Brian Lovin
/
Hacker News
Daily Digest email

Get the top HN stories in your inbox every day.

Stratoscope

One task where GeoJSON falls down is simplification of a group of polygons with common boundaries, e.g. the 48 conterminous US states. If you start with a highly detailed set of polygons, you need to simplify them for practical display in an online map.

GeoJSON doesn't encode the fact that the boundary points are common between adjacent polygons. When you simplify those polygons, each one is handled separately, and you end up with "slivers" where the boundaries are misaligned:

https://www.bing.com/images/search?q=map+slivers+betwen+poly...

TopoJSON solves this by encoding each such boundary only once. So when you simplify the polygons, they are all done together, and the same simplification applies to adjacent polygons. No more slivers!
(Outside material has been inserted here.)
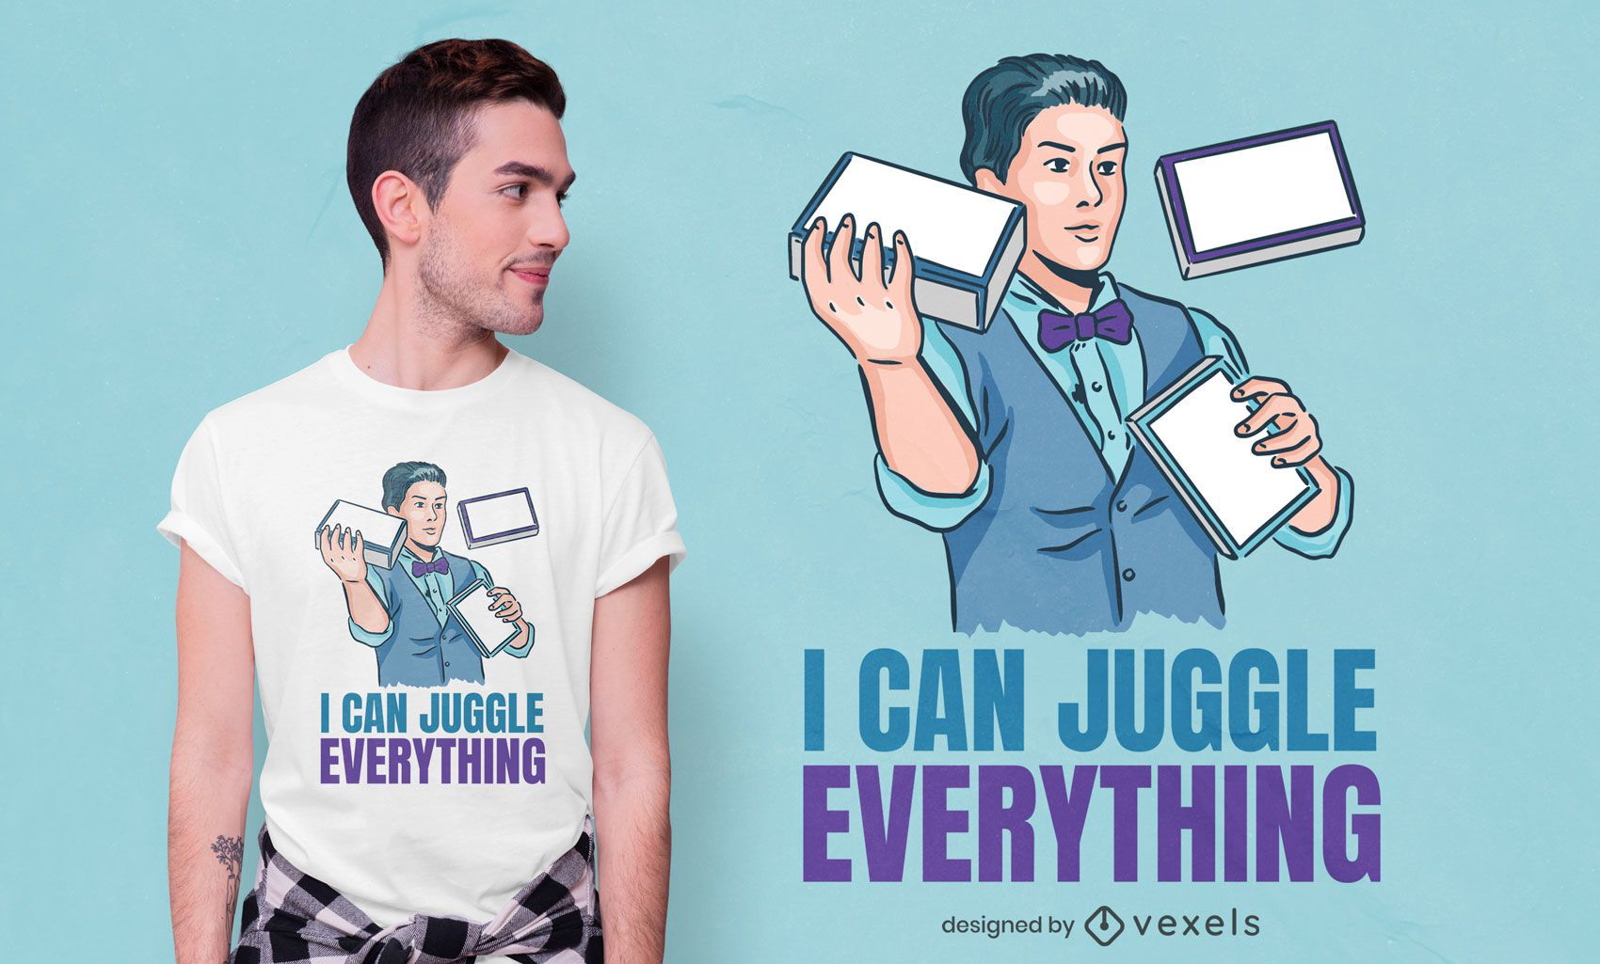 Juggler quote t-shirt design

https://github.com/topojson/topojson

https://github.com/topojson/topojson-simplify

Demiurge

Is this actually GeoJSON falling down, or decades of convention extended to JSON? Topology is great, but it is sidestepped by Shapefile/WKT/WKB/etc, in favor of independent primitives like POINT, LINE, POLYGON. If GeoJSON did not exist as a new JSON GIS data format encoding these primitives, TopoJSON would not have "replaced" it, due to the added mis-match with other non-topological formats.

From what I can tell, the top criticism of GeoJSON is the under-enforced winding order specification, and crossing the antemeridian.

jvanderbot

Right. Encoding a union algorithm into the data structure just introduces the reverse problem: Selecting a subset now requires extra logic beyond jq.

Stratoscope

Similarly, typical map APIs like the Google Maps API accept GeoJSON and not TopoJSON. I was not suggesting TopoJSON as a replacement for GeoJSON, but as a complement to it. With the tools on the TopoJSON GitHub, you can have GeoJSON input and output, but convert to TopoJSON for the simplification step to avoid the "slivers" problem.

NelsonMinar

I like TopoJSON and have used it in projects. But it's weird to set it up as opposition to GeoJSON. It's a complement. GeoJSON is a general data format meant to replace uses of ESRI Shapefiles and other complex formats. TopoJSON is more of a solution for a particular application need.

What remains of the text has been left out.